Pochettino Lebih Pilih Kembangkan Potensi Pemain Muda Ketimbang Belanja

pochettino

Ketika klub-klub rival berlomba-lomba dalam menggelontorkan banyak uang di bursa transfer musim panas, Tottenham Hotspur masih tenang-tenang saja. Tapi, hal ini sama sekali tidak membuat sang manajer, Mauricio Pochettino merasa khawatir.

Tottenham Hotspur belum merekrut satu pun pemain baru di bursa transfer musim panas ini. The Lilywhites justru melepas bek kanan andalan mereka, Kyle Walker, ke Manchester City seharga 50 juta poundsterling beberapa hari lalu.

Juara bertahan musim lalu, Chelsea sudah mendatangkan Antonio Ruediger, Tiemoue Bakayoko, dan Alvaro Morata, Sementara Manchester City sudah berhasil merekrut Kyle Walker, kiper Ederson Moraes, serta gelandang Bernardo Silva.

Sementara itu Manchester United mengeluarkan dana tidak kurang dariu 75 poundsterling demi memboyong Romelu Lukaku dari Everton, sedangkan Arsenal memecahkan rekor transfer klub untuk merekrut Alexandre Lacazette dari Olympique Lyon. Sementara itu, Liverpool juga berhasil mendatangkan Mohamed Salah dari AS Roma dengan biaya yang tidak murah.

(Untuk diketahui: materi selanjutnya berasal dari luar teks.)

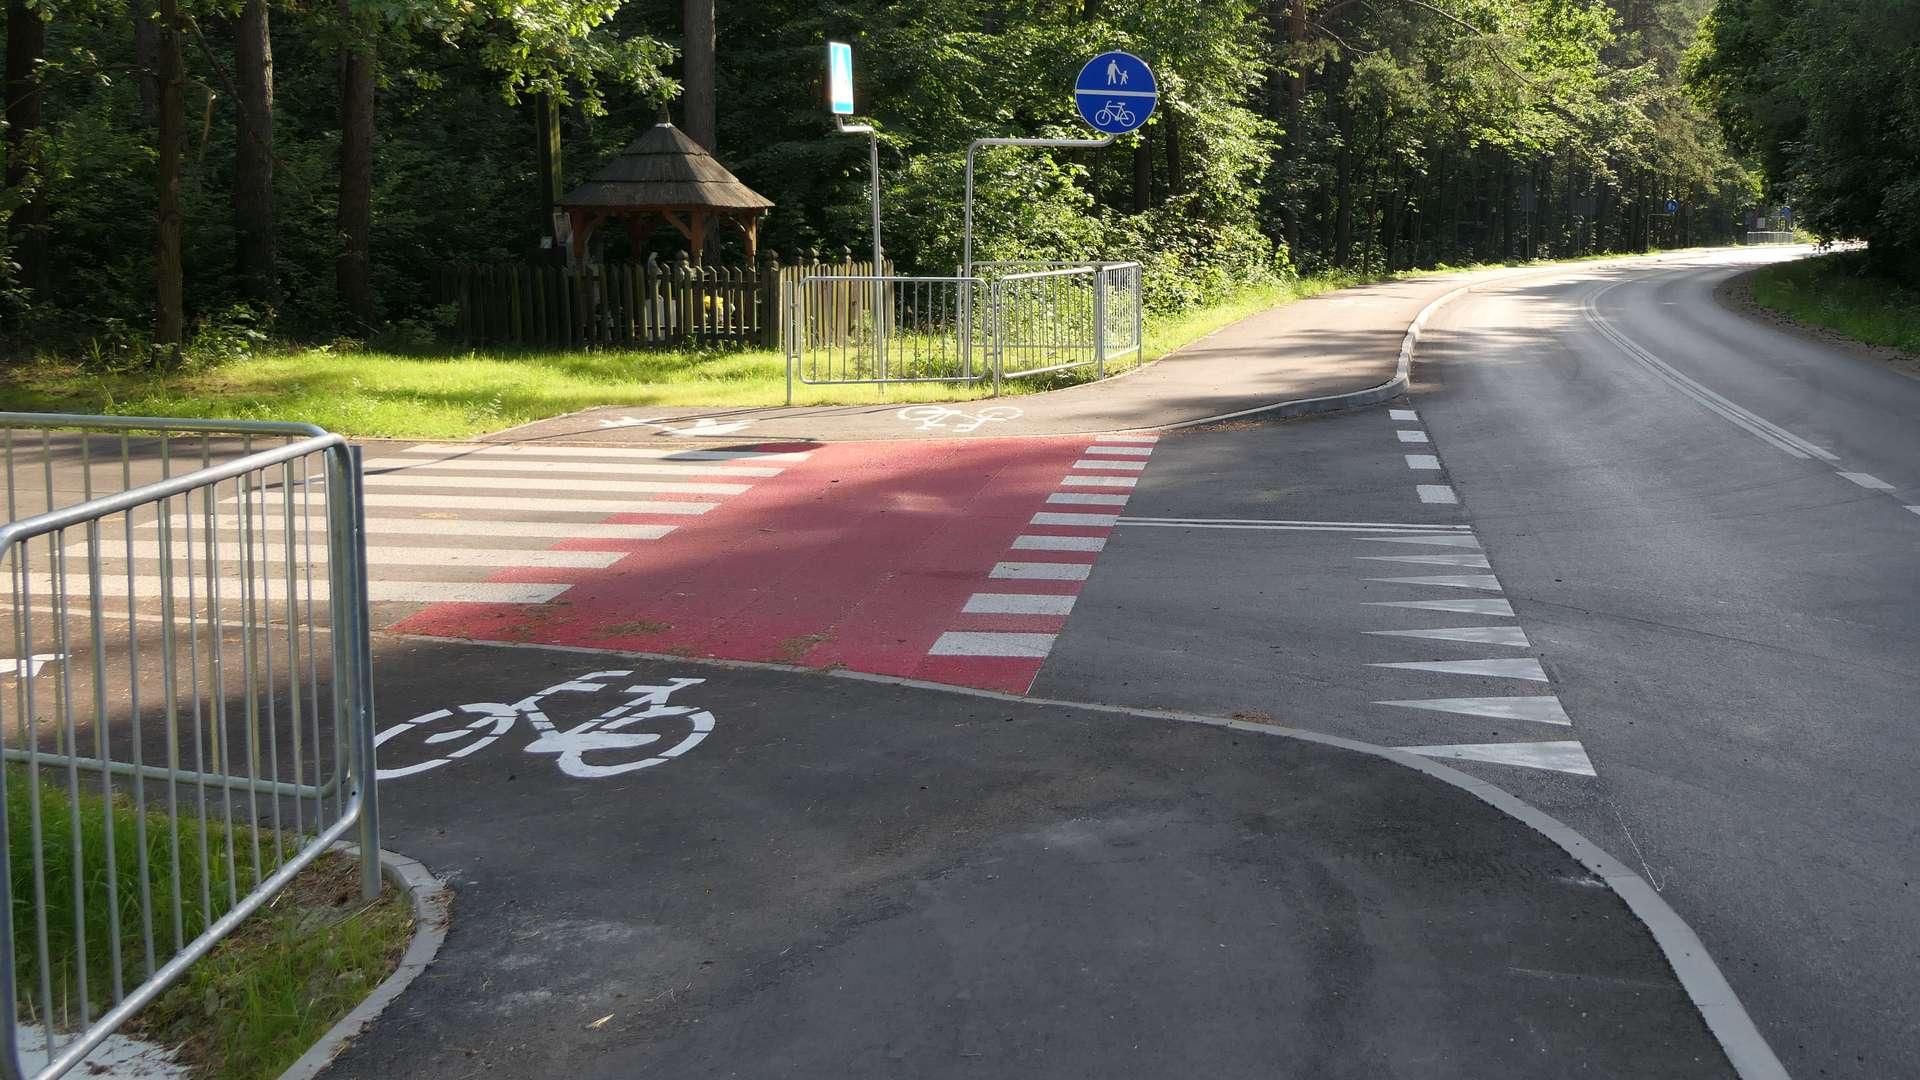 Trasa rowerowa poprowadzona wzdłuż drogi samochodowej.

Namun, belanja besar yang dilakukan oleh klub-klub rival tidak membuat Mauricio Pochettino merasa khawatir sedikitpun. Manajer berkebangsaan Argentina itu tetap berpegang pada filosofi klub Tottenham Hotspur , yang lebih fokus ke pengembangan pemain-pemain binaan sendiri.

“Dalam dua musim terakhir, penampilan kami sudah jauh membaik. Sangat jelas, filosofi kami adalah tentang berusaha menampilkan sepakbola yang menarik dengan pemain-pemain muda dan berusaha berbeda dibandingkan tim-tim papan atas. Saya pikir musim depan bisa jadi musim pembuktian untuk kami,” ujar Mauricio Pochettino dalam wawancara dengan ESPN FC.

“Yang pertama, itu karena kami pindah ke stadion Wembley, sebuah lingkungan yang baru kami, lapangan dan stadion yang berbeda, semuanya berbeda untuk kami. Memang benar kami harus melakukan sedikit perubahan karena kami sudah sangat nyaman main di White Hart Lane.”

“Kemudian, saya pikir karena tim-tim besar mengeluarkan banyak uang untuk memperkuat tim mereka. Namun, kami sangat tenang dan adem ayem karena kami yakin dengan kemampuan yang dimilik oleh pemain-pemain muda dari akademi kami. Kami mungkin kurang beberapa pemain, tapi kami sangat tenang karena saya pikir kami punya tim yang sangat bagus.”